Старая монахиня и юная послушница встречаются в полдень в часовне, где висит большое распятие. Снаружи для этого времени года почти тепло, однако внутри по-прежнему холодно и сыро, как в склепе. Юмилиана, ни на секунду не сводя глаз с лица девушки, сотрясает промозглый воздух, со страстью объясняя, почему боли всего мира ничто по сравнению с болью Иисуса Христа, как каждая пролитая им капля крови омыла землю, уничтожив всю скверну человеческую, и как Его жертва подарила нам новую жизнь, несмотря на все наши грехи.
Затем, дабы усилить впечатление, она дает послушнице прочесть отрывок из святой Екатерины Сиенской.

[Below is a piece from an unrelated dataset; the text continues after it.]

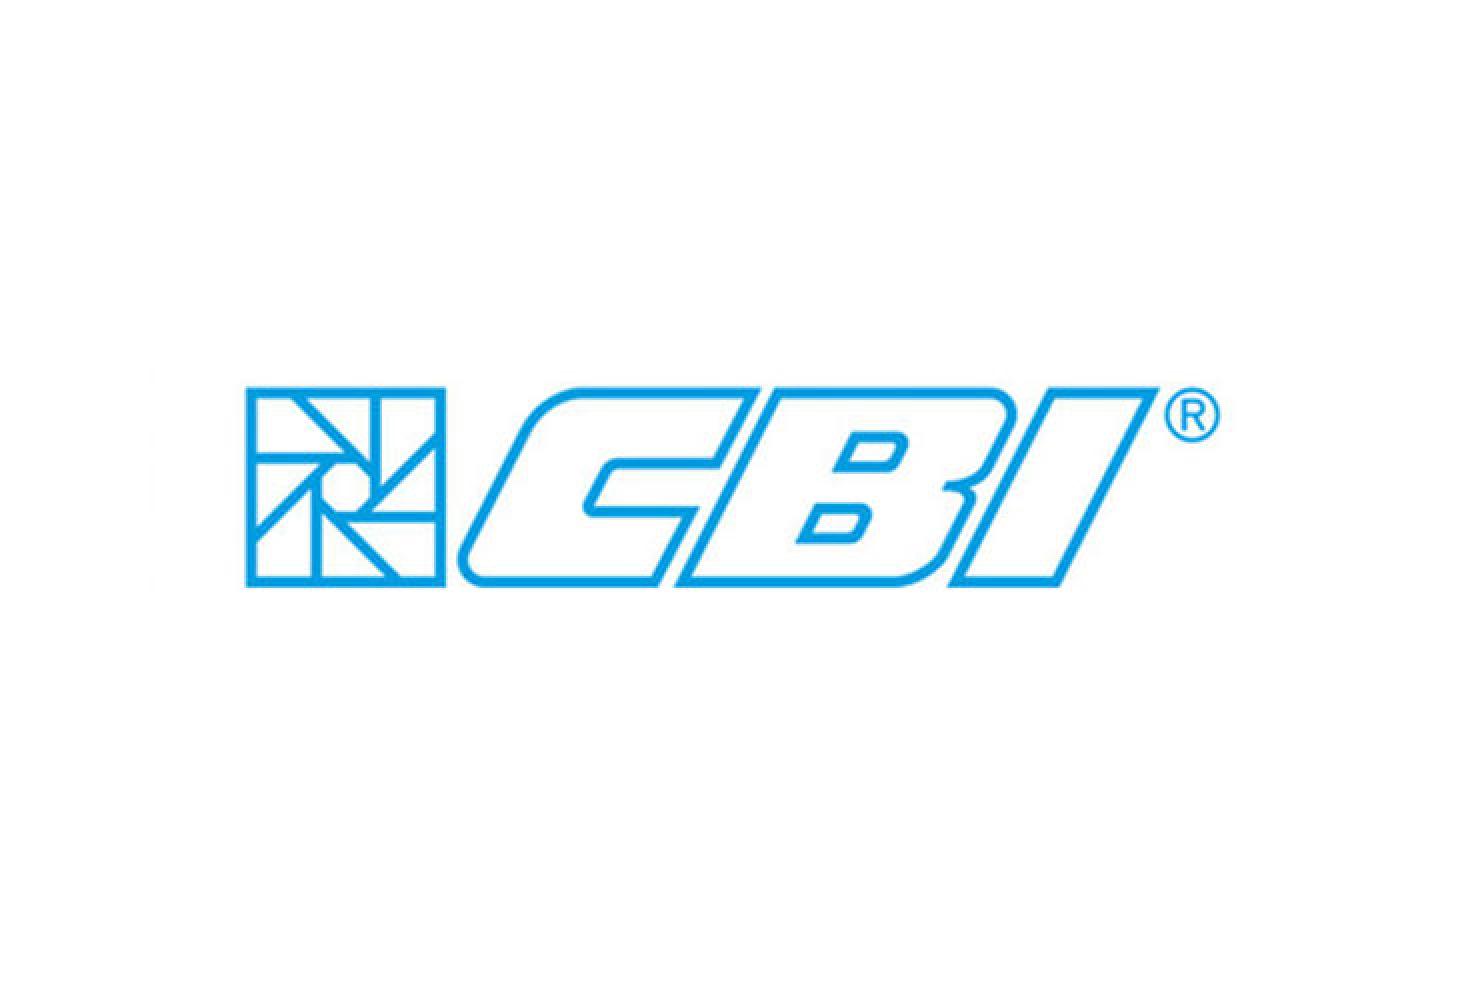 Logo CBI

Это умный ход, поскольку Екатерина тоже была в некотором роде бунтаркой, чья пылкая любовь к Христу пошла вразрез с планами родителей выдать ее замуж. Только ее непослушание, как показывает отрывок, было щедро вознаграждено: проведя годы в постах и молитвах, она узрела Господа, которому угодно было сойти к ней и позволить поцеловать Его раны, в том числе и рану в боку, откуда кровь текла, словно молоко, и, приложившись к ней губами, она почувствовала, как любовь переполнила ее, точно копье вошло в ее собственную плоть.
Серафина читает хорошо, а сестра-наставница слушает внимательно, и радость, словно пот, проступает сквозь поры ее лица, как будто чудо происходит с ней самой, прямо здесь и сейчас. Слова святой сильны и столь проникновенны, что действуют даже на девушку, и та на мгновение забывает и о спрятанной под рубашкой подушечке из воска, и о белых камнях на траве, отмечающих путь к тому месту, откуда она, сделав слепок с ключей старшей прислужницы, перебросит сверток ему через стену.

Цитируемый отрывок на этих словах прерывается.